Я допил вино и наполнил свой бокал в третий раз. В широкое окно был виден закат над аренами; молчание затягивалось. Он хочет сыграть в открытую, ну что ж, пожалуйста.

– Все-таки у меня есть одно условие… – сказал я осторожно. – Одно, но существенное.

Он медленно кивнул.

– По-вашему… По-вашему, я похож на человека, который может принять ислам?

Он опустил голову, словно погрузился в напряженные раздумья личного характера; потом, подняв взгляд на меня, ответил:

– Да.

Мгновение спустя он вновь просиял, одарив меня сердечной улыбкой. Я удостаивался ее уже во второй раз, что немного смягчило потрясение. Но все равно устоять перед его улыбкой было невозможно. В любом случае слово теперь было за ним. Я съел один за другим два пирожка, успевших уже остыть. Солнце скрылось за амфитеатром, арены погрузились во мрак; странно было думать, что здесь на самом деле происходили бои гладиаторов с хищниками тысячелетия два назад.

– Вы же не католик, значит, в этом смысле вас ничто не сдерживает, – тихо продолжал он.

И то верно. Чего нет, того нет.

– И я не думаю, что вы такой уж несгибаемый атеист.
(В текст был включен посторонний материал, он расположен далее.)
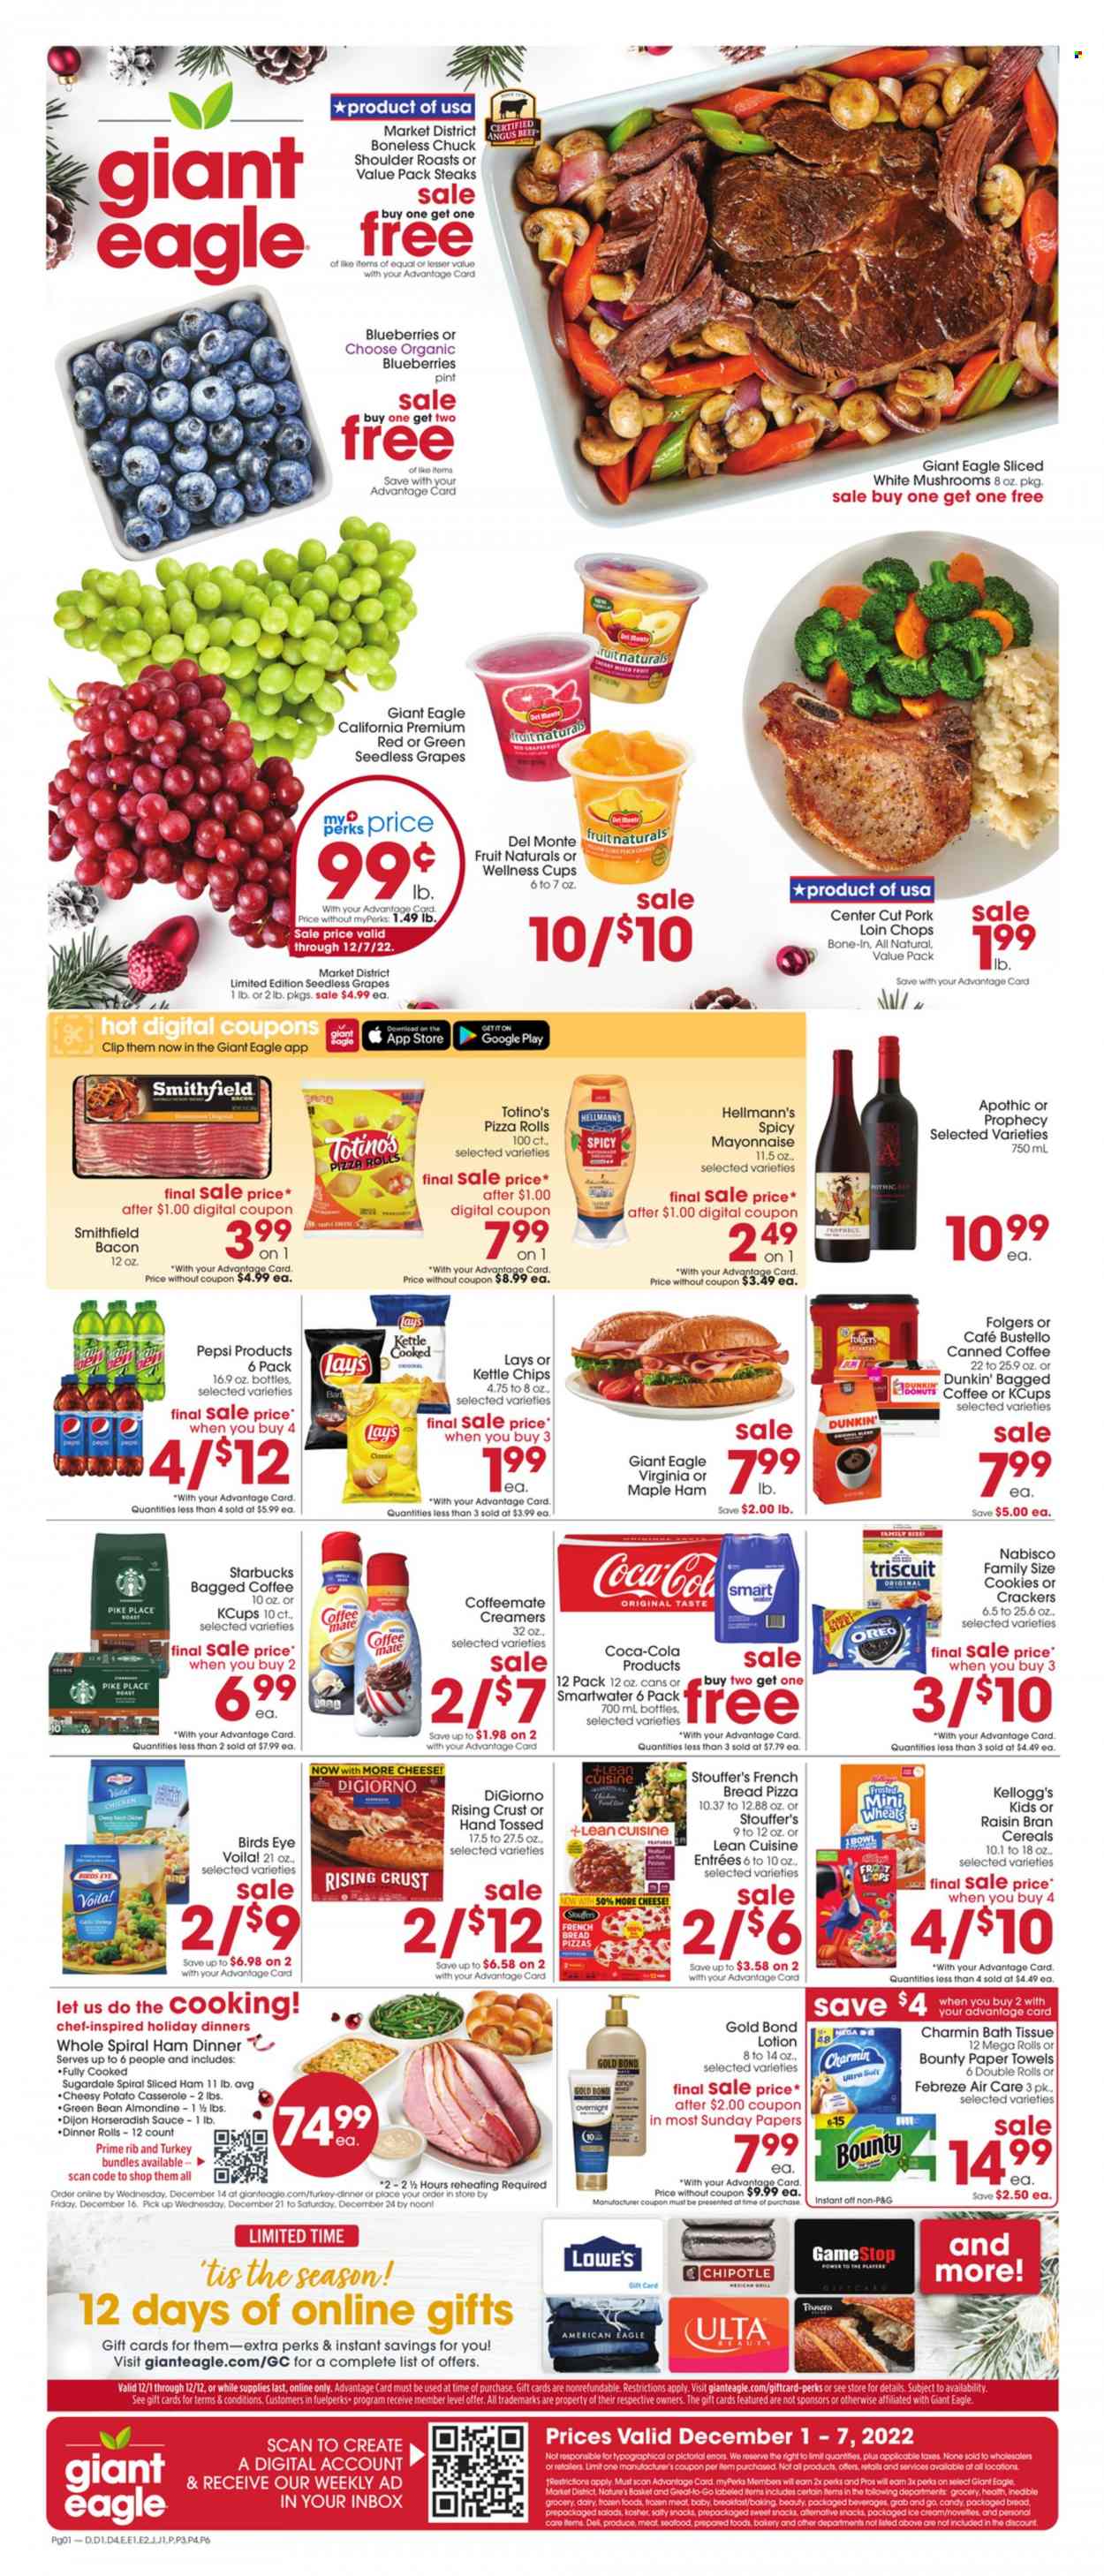 thumbnail - Giant Eagle Flyer - 12/01/2022 - 12/07/2022 - Sales products - pizza rolls, dinner rolls, french bread, garlic, horseradish, blueberries, grapefruits, grapes, seedless grapes, cherries, seafood, shrimps, pizza, sauce, Bird's Eye, Lean Cuisine, Sugardale, bacon, ham, spiral ham, pepperoni, Oreo, Coffee-Mate, mayonnaise, Hellmann’s, ice cream, Stouffer's, cookies, snack, Bounty, crackers, Kellogg's, Lay’s, Del Monte, cereals, Raisin Bran, Coca-Cola, Pepsi, Smartwater, Starbucks, Folgers, Keurig, bagged coffee, beef meat, steak, pork chops, pork loin, pork meat, bath tissue, kitchen towels, paper towels, Charmin, Febreze, body lotion, casserole, cup. Page 1.

Настоящие атеисты, в сущности, встречаются редко.

– Вы так считаете? У меня, напротив, сложилось впечатление, что атеизм повсеместно распространен в западном мире.

– Это только кажется. Немногие убежденные атеисты, которые мне попадались, были бунтарями; они не довольствовались бесстрастным отрицанием Бога, нет, они отвергали его существование на манер Бакунина: “Если бы Бог действительно существовал, следовало бы уничтожить его”. Ну, это скорее атеисты вроде Кириллова, отметающие Бога потому, что хотят назначить на его место человека; будучи гуманистами, они во главу угла ставят свободу человека и достоинство личности. Я думаю, что в этом портрете вы тоже себя не узнаете?

Никак нет, не узнавал; меня замутило от одного слова “гуманизм”, хотя, возможно, виноваты были и горячие пирожки, я их явно переел; я налил себе еще бокал “Мерсо”, чтобы прийти в себя.

– Дело в том, – продолжал он, – что большинство людей живет, не особенно забивая себе голову подобными вопросами, потому что считает их чересчур философскими; они задаются ими лишь в драматических обстоятельствах – когда тяжело заболевает или умирает кто-то из близких. Конечно, сказанное относится к Западу, потому что во всем остальном мире люди гибнут, убивают и ведут кровавые войны как раз во имя этих вопросов. Так уж повелось испокон веков: люди сражаются из-за метафизических истин, а не из-за темпов экономического роста или дележа охотничьих угодий. Но даже на Западе, если вдуматься, у атеизма нет прочной основы. Говоря о Боге, я для начала даю собеседникам почитать учебник по астрономии…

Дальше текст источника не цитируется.